Institute for War and Peace Reporting | Giving Voice, Driving Change

Uzbekistan Seeks Dialogue With Taleban

Uzbekistan attempts to build bridges with the Taleban after their recent victory over the Northern Alliance.
By Galima Bukharbaeva

Uzbekistan is prepared to end its hostility towards Taleban following the movement's recent military successes against the Northern Alliance.

Regardless of its aims and policies, Uzbekistan now recognises the Taleban as a major political force in Afghanistan, Uzbek Minister of Foreign Affairs Abdulaziz Kamilov announced.

"Uzbekistan is prepared to enter into dialogue with whichever government is recognized by the people of Afghanistan," he said after a meeting between Uzbek and Taleban ambassadors in Islamabad on October 1.

Uzbek President Islam Karimov added that finding a common language and living in peace with Afghanistan was a political necessity. Policy towards the Taleban would now be one of "pragmatic constructivism", he said.

Uzbekistan's change of heart towards the Taleban is prompted by the reality on the ground. Until now the Commonwealth of Independent States have supported the Northern Alliance forces of Akhmad Shakh Massoud, but recent military success have brought territories on the Uzbek border under the control of the Taleban, who are now estimated to control over 95 per cent of Afghan territory.

Karimov simply cannot risk a hostile neighbour so close, according to Uzbek analysts.

The Taleban's recent success is the result of increased assistance from Saudi Arabia, the United Arab Emirates and Pakistan, according to Mukimjon Kirgizbaev of the Academy of State and Social Construction. "They want to see the situation in Afghanistan resolved, to have a state with a single leader," he said.

Kirgizbaev predicts that Uzbekistan will now use economic incentives as a bargaining chip in its relations with the Taleban. These are likely to come in the form of electrical energy, which Uzbekistan provides to northern parts of Afghanistan.

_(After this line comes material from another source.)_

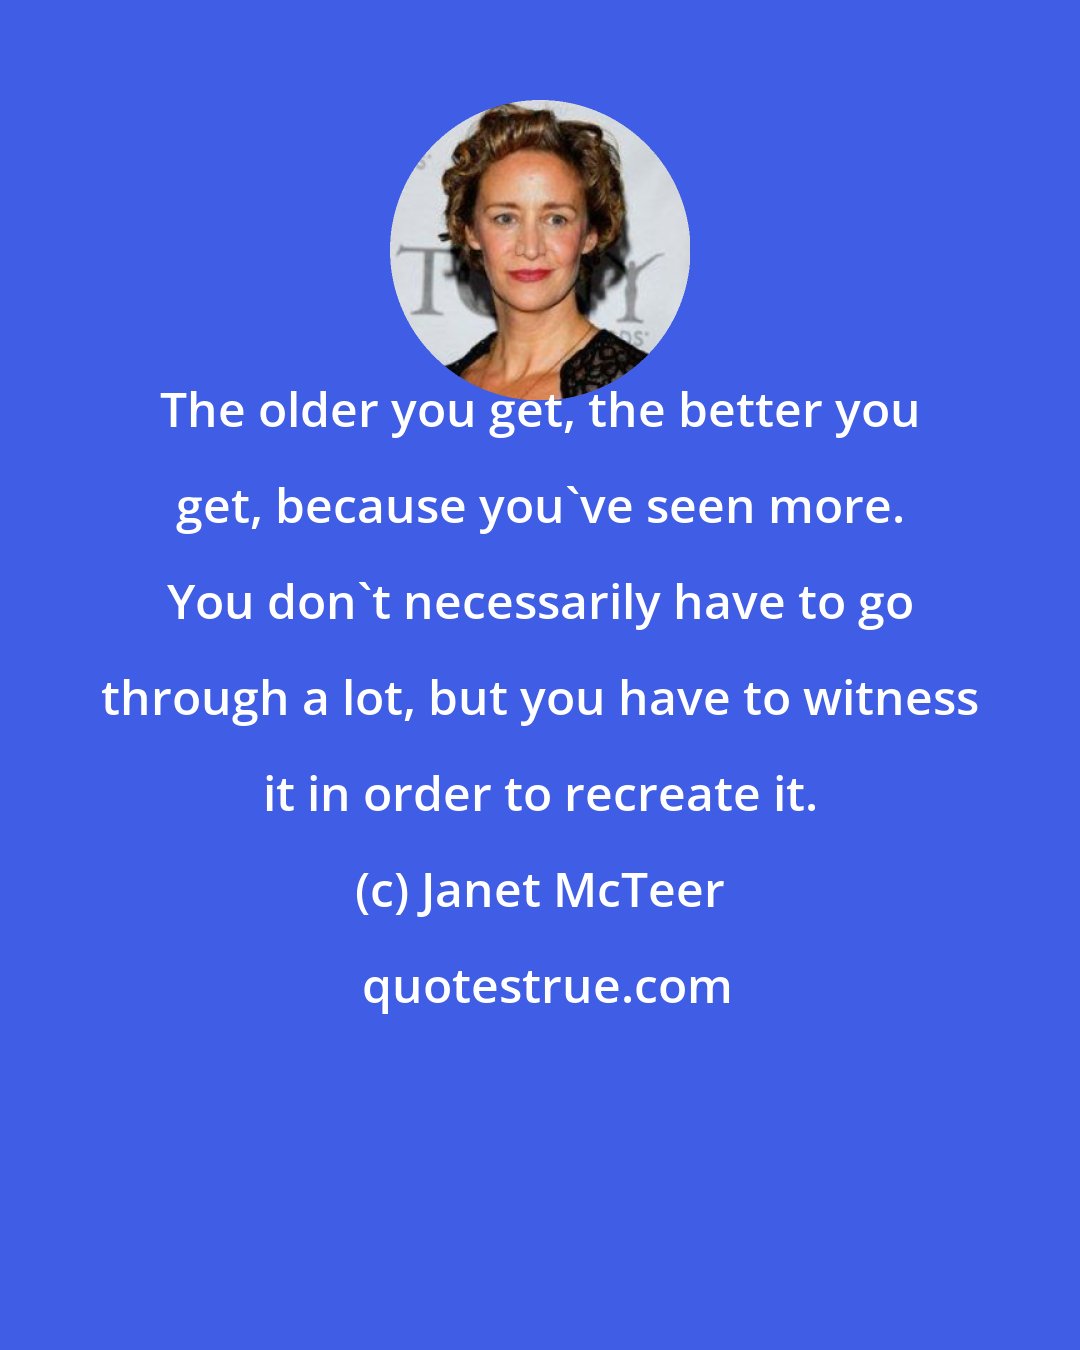 Janet McTeer: The older you get, the better you get, because you've seen more. You don't necessarily have to go through a lot, but you have to witness it in order to recreate it.

Afghanistan has not paid its energy bill since 1993, running up a debt which stood at $77 million by the beginning of 1999, when Uzbekistan cut off supplies.

The Taleban will also be offered an agreement on the construction of a gas pipeline passing through Afghan territory, from Turkmenistan to Pakistan. Such a pipeline would be very profitable for the Taleban.

However, some analysts argue that it is premature to write off the Northern Alliance. As soon as snow fall begins in about ten days, the military situation will be frozen on the ground. So if the Taleban wants to drive home its advantage, it would need to launch a final major military operation before then, according to an Afghani diplomat from exiled President Burkhoniddin Rabani's entourage.

Massoud has fought his way out of tighter corners before, according to the diplomat, who questioned the wisdom of Uzbekistan's overtures towards the Taleban.

However, political analyst Shukhrat Khurramov argues that Uzbekistan has no alternative. The country shares a border with Afghanistan, where the Taleban are now clearly in the ascendancy.

Having urged the world community to focus its attention on Afghanistan since 1993, it seems that Uzbekistan now wishes to see a quick end to the conflict there. This necessitates engaging one camp in constructive dialogue - even if that camp is the Taleban.